PROVIDED MATERIAL -

((

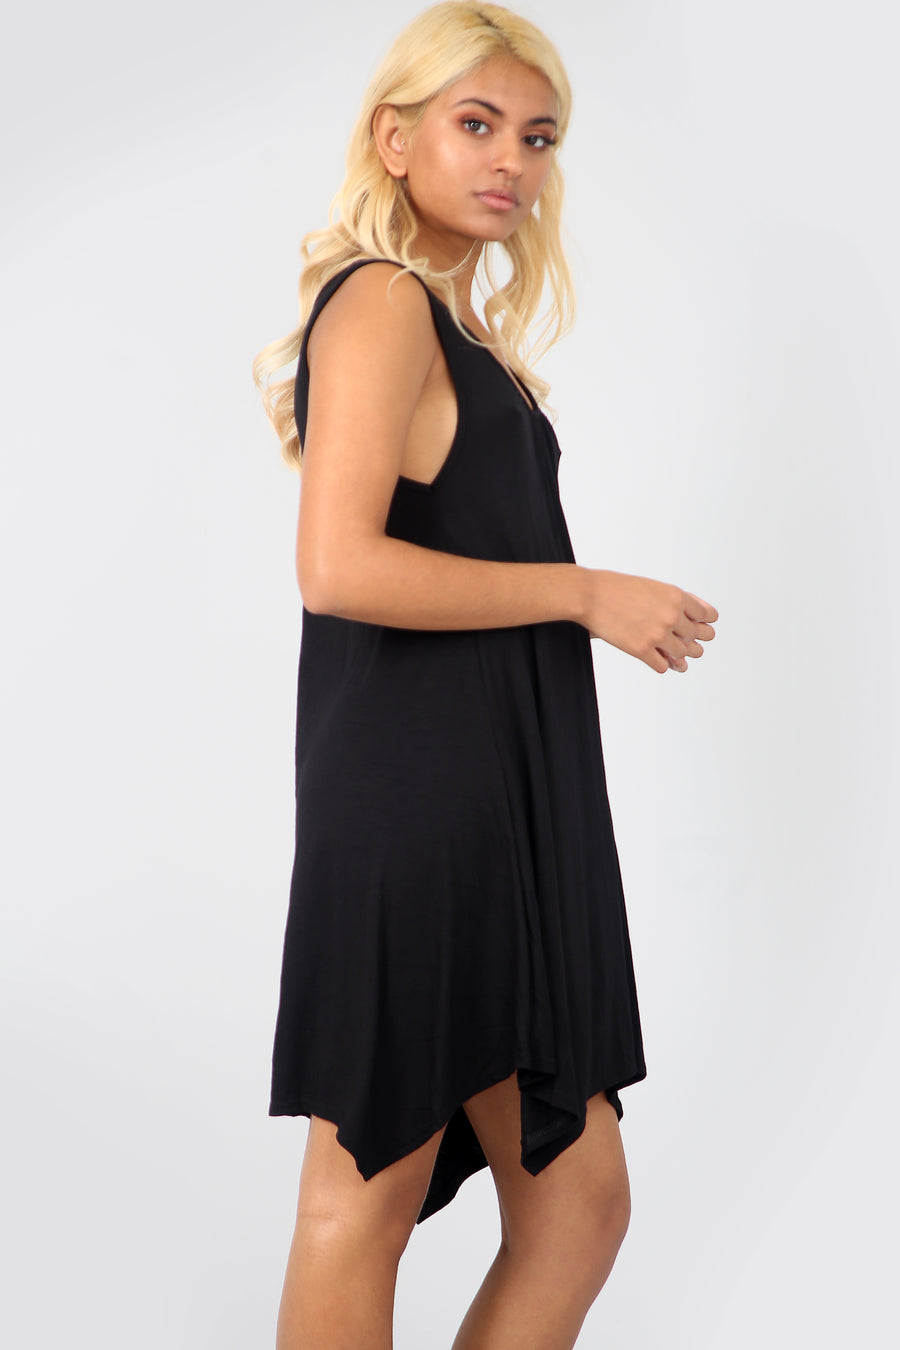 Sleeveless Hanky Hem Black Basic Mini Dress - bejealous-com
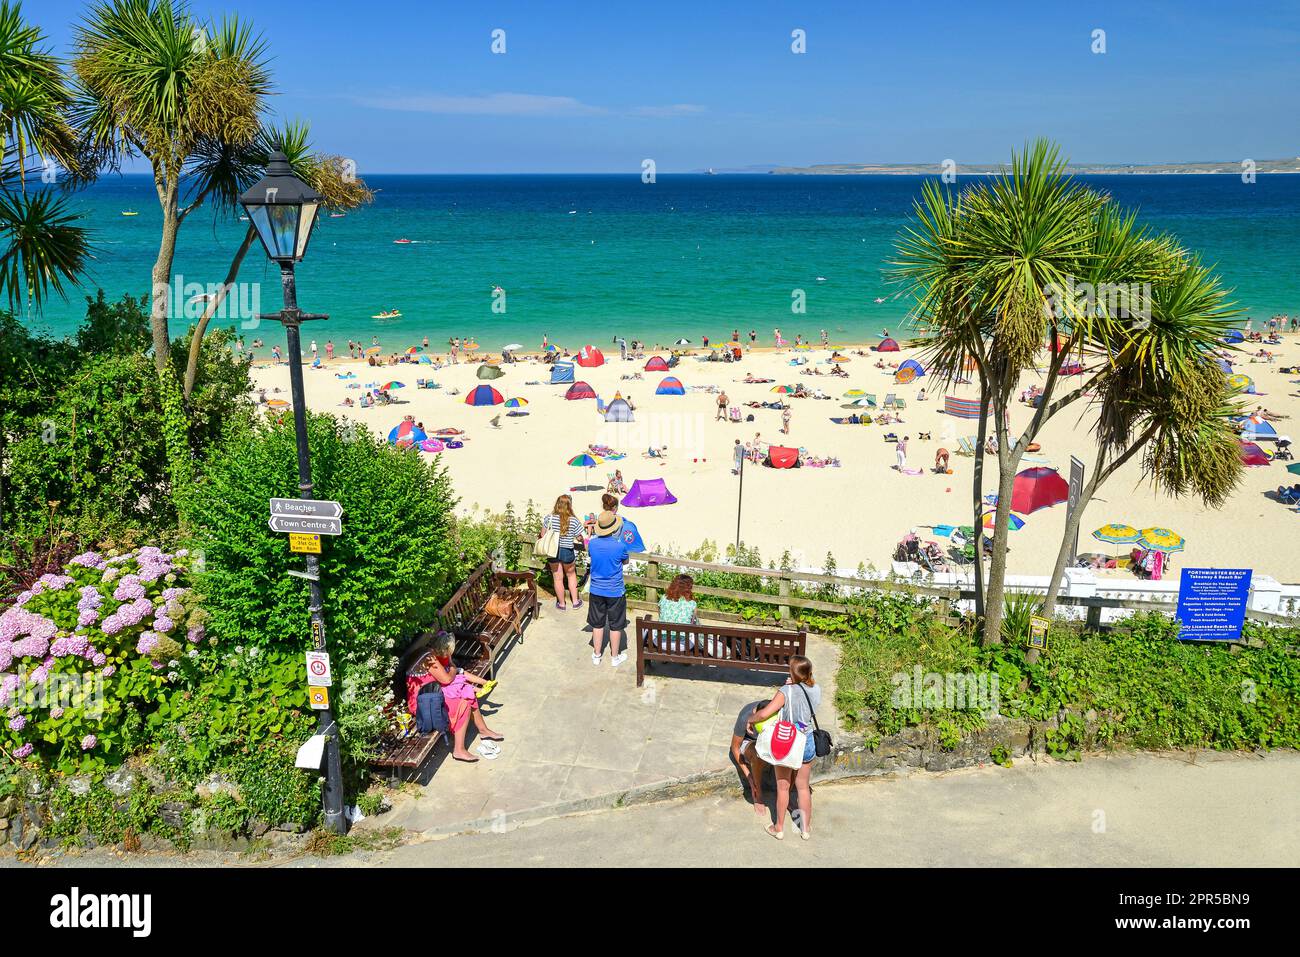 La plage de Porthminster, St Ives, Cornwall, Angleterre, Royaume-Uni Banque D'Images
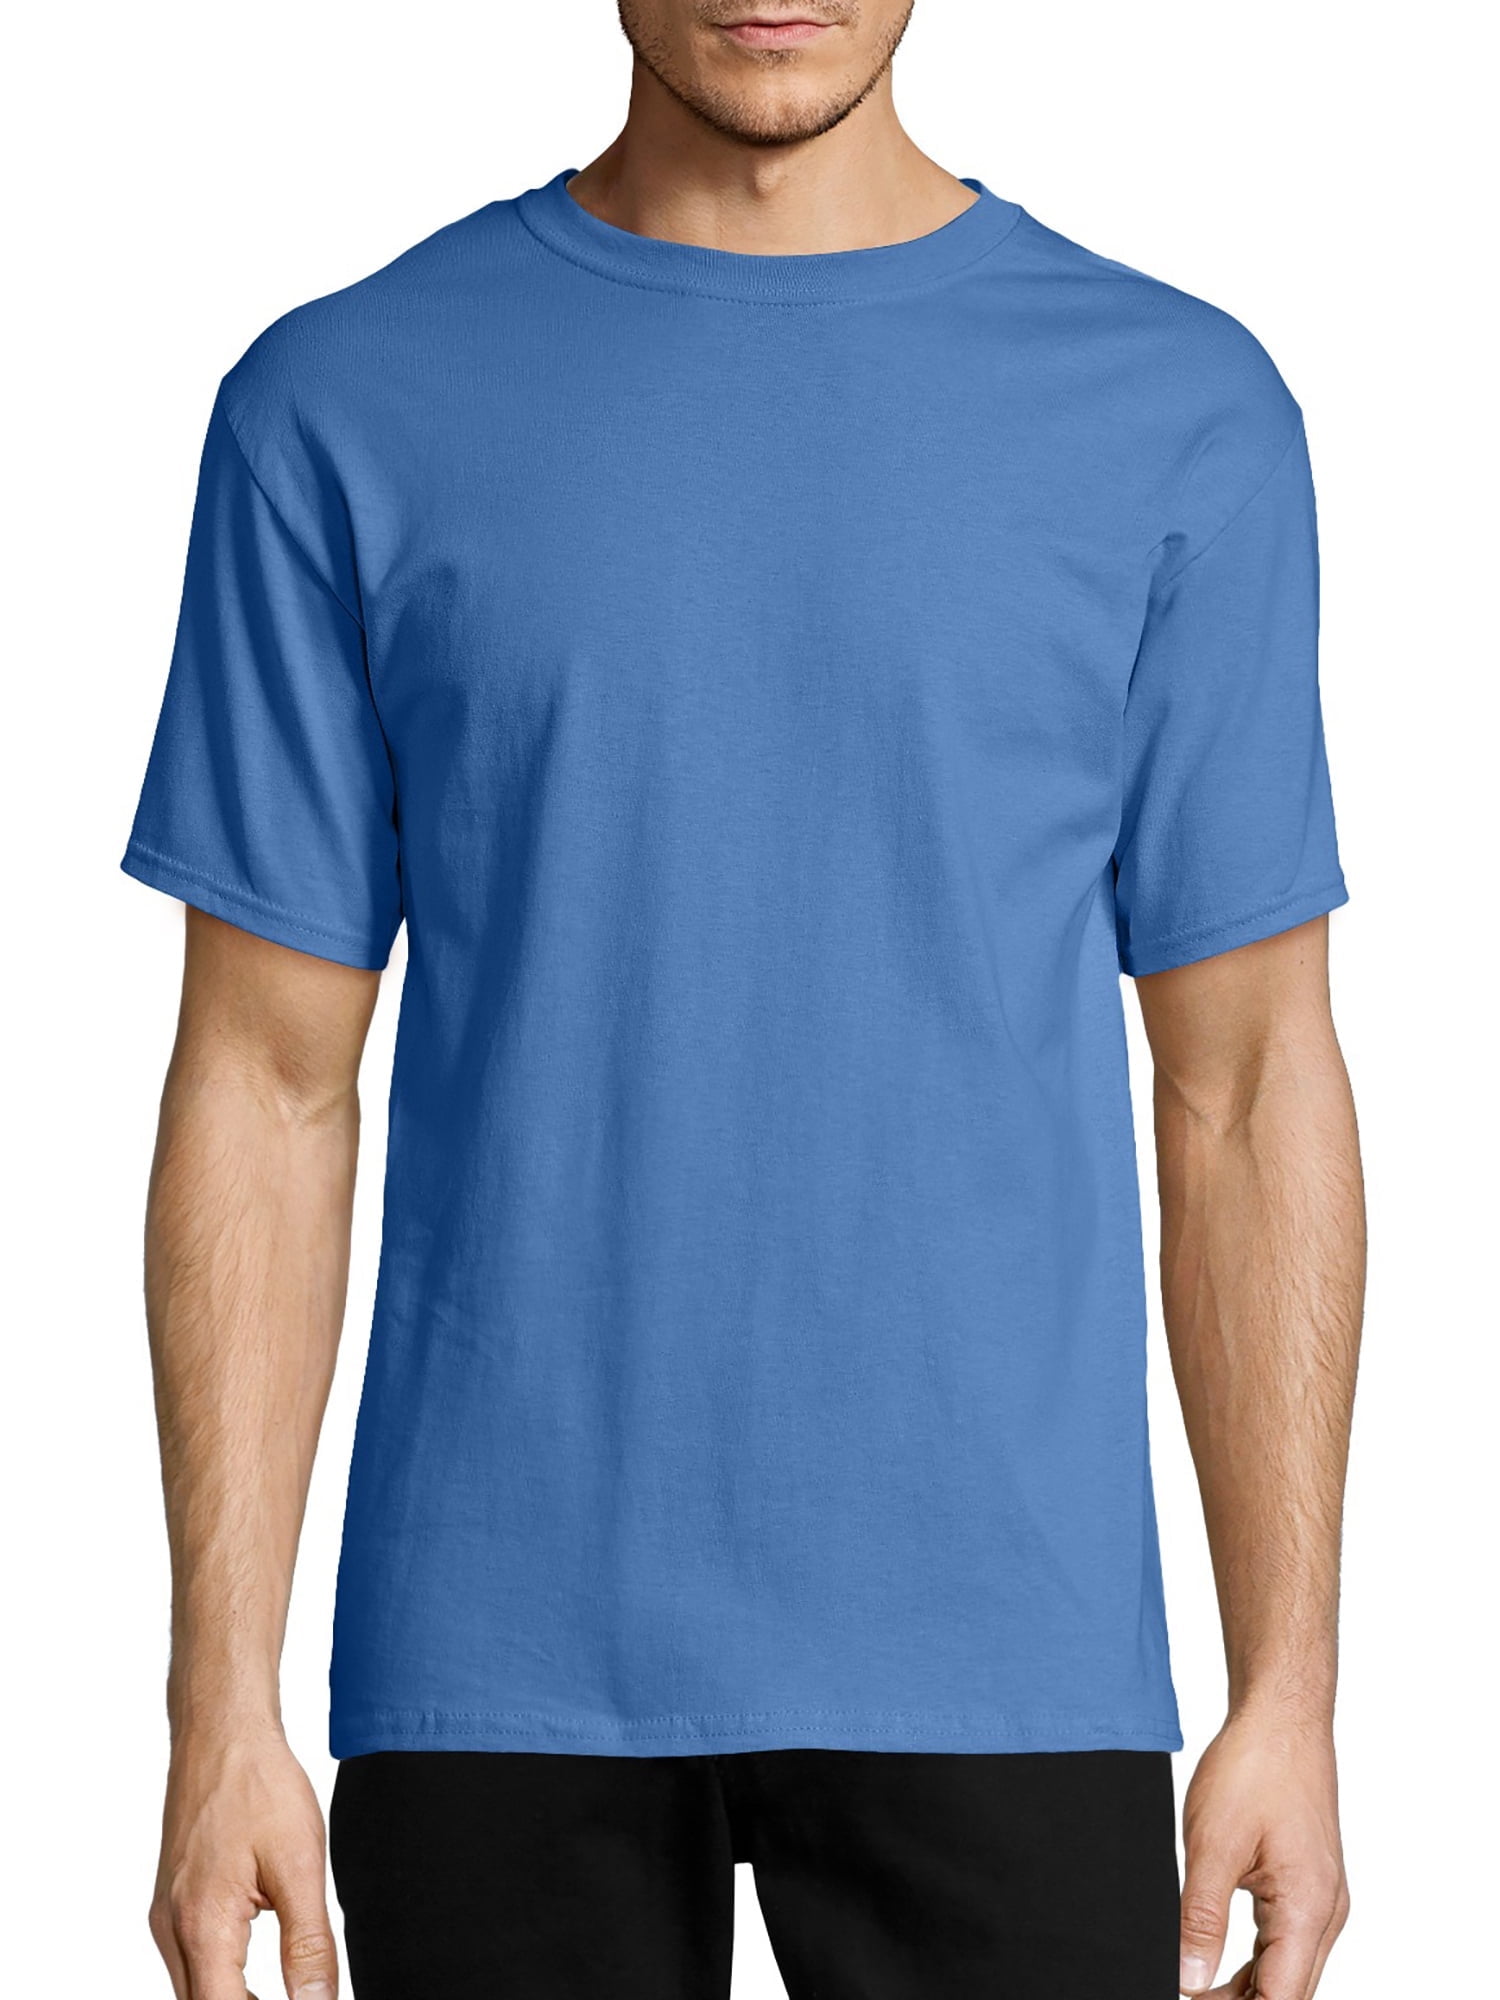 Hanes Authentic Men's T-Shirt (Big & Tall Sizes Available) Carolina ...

))

TASK DETAILS -
Beginning with the line that contains "La plage de", repeat every remaining line of the data exactly, the last line included, and omit pictures.

ANSWER AREA -
 La plage de Porthminster, St Ives, Cornwall, Angleterre, Royaume-Uni Banque D'Images
 Hanes Authentic Men's T-Shirt (Big & Tall Sizes Available) Carolina ...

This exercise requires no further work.